Fortunately, many of the indicator events are already captured in some form as they occur. Researchers already capture some in their various, non-standardized CVs and institutions already capture others in their various information management systems (including paper). All that is required is for the systems now used to capture this data to have key data elements added that make the data-capture “CASRAI-conformant.” This will enable easier “roll-up” reporting on data collected by multiple researchers, teams and departments and aggregated for periodic impact reports.

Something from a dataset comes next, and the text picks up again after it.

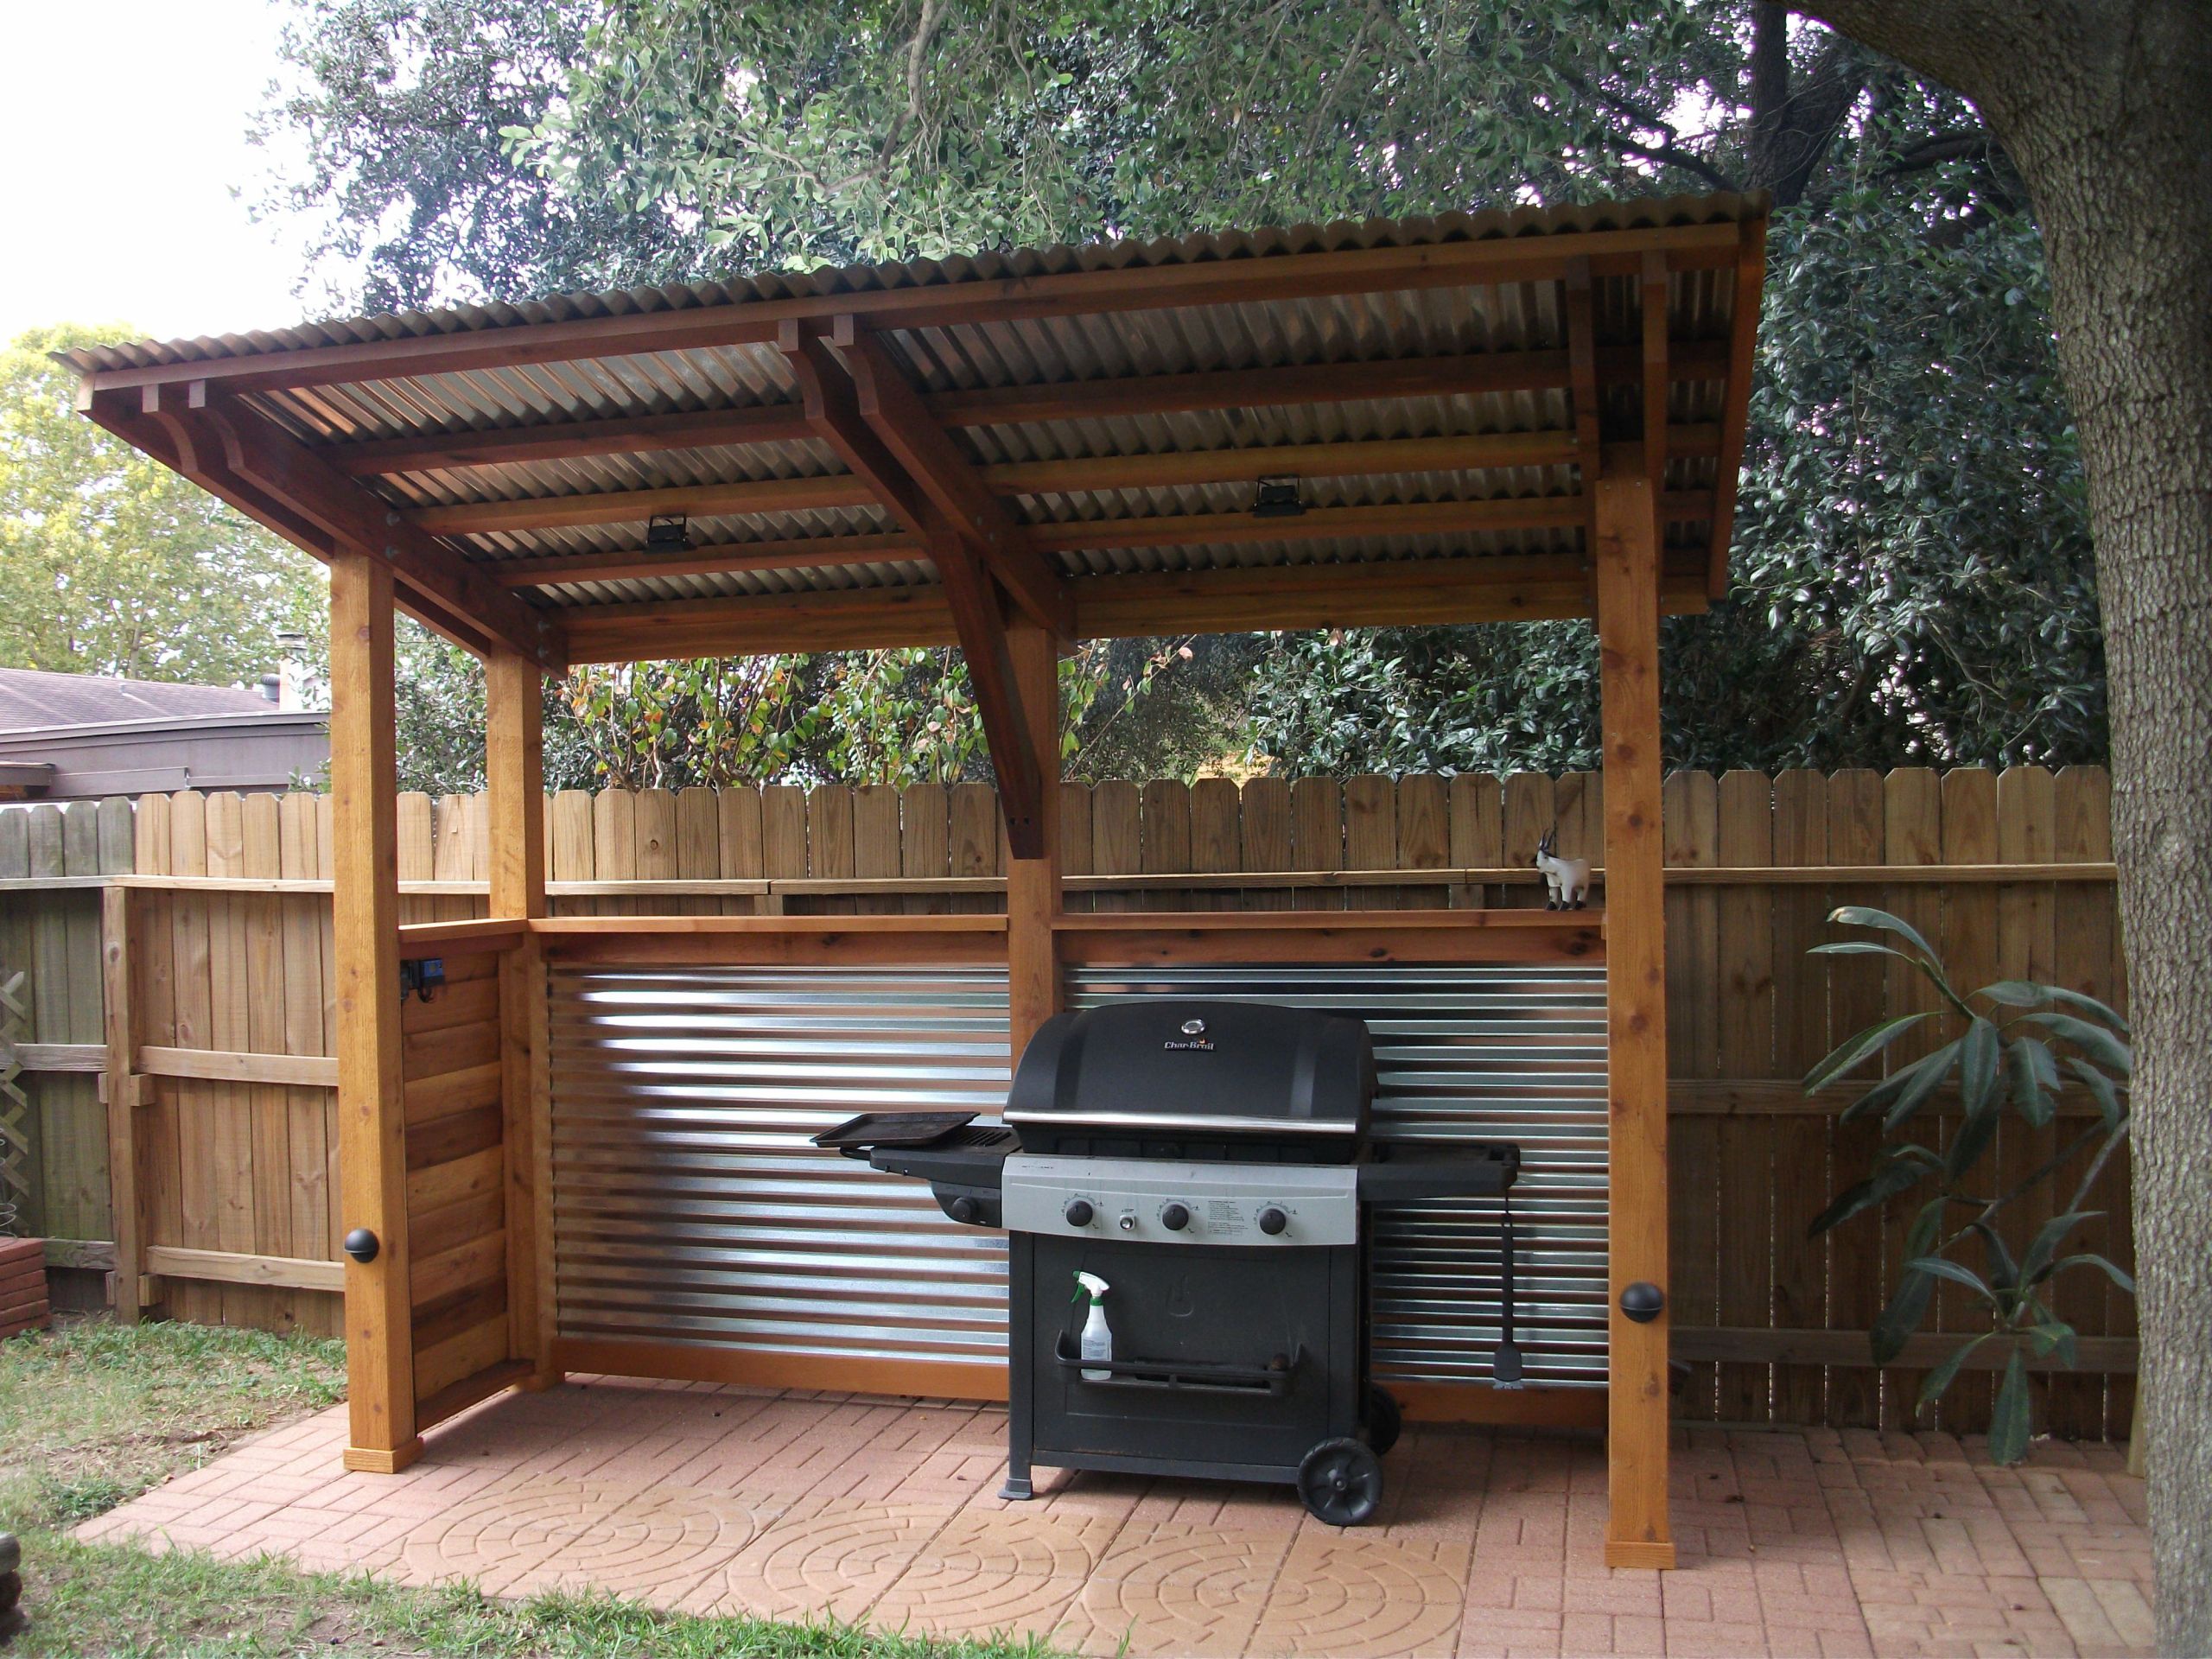 DIY Grill Gazebo Plans
 Pin by Thomas Reichelt on My New Grill Area

What follows is a summary breakdown of:
a) those indicator events currently captured by researchers and students;
b) those indicator events currently captured by institutions; and
c) those indicator events needed but not currently captured.
Indicator events that researchers and students already record
These events are already captured when updating a CV or a reference manager tool. The current CASRAI CV data standards already support the capture of most of these events.
Examples of such indicator events include:
• contributions (outputs) published or presented
• citations (academic)
• mentoring services provided
• degrees attained
• distinctions awarded
• funding awarded (contract or grant)
• new Intellectual Property registered
• employment attained
• program/course creation
• participation in new research activity.
Indicator events that institutions already record
These events are already captured in some form (including paper) at institutions. With the adoption of the proposed CASRAI open data standards for capturing these events, institutions could capture this data using the systems tool of their choice. This source data could be periodically aggregated and become an automated input to a standard Institutional Research Impact Report.
Examples of such indicator events include:
• admissions applications
• employment applications
• new hires
• infrastructure budget approval
• new library holdings
• infrastructure becoming operational
Indicator events not currently recorded
These are events that may not be currently captured systematically by either the researchers or the institutions. This data, if agreed by the community to be required for full impact measurement, needs to be captured in a standard-conformant manner. The community should decide who is responsible for capturing it.
Examples of such indicator events include:
• citations (non-academic)
• recognition of a derived output
• post-research identification of a direct or derived societal impact.
As stated earlier, source data for impact indicators must include two components: the change to an indicator and the cause of that change.
There are two ways to link an indicator event to a research activity:
1. Direct link: In recording the indicator event (i.e. a new publication), the event was a clear outcome of an identifiable research activity.
2. Indirect link: In recording the indicator event (i.e. getting a new job in your field), it is not feasible to make a direct link between the event and a single research activity. But a link can be inferred through the connection to this person and the activities they participated in.
It is therefore crucial that the standard data structures for capturing indicator events not only include fields that describe the event (Journal Title, Article Title, Job Title, Date, etc.) but also a single field that sets a link to a specific research activity (Activity ID).
With this single field (Activity ID), an indicator event is linked to a research activity. Any reports about the overall impact of that research activity will be able to include all events linked to that activity.
In cases where a direct link cannot be made from an indicator event to a specific research activity, there CAN be a link to the unique ID of the researcher (ORCID Researcher ID).
A major problem in measuring the impact of research activity is attributing the impacts to the investments made. This is not a problem that is simple to solve, however, open data standards that enable recorded impacts to be linked to people and activities will allow every funder of each activity to draw a contribution link between their investments and the resulting impacts.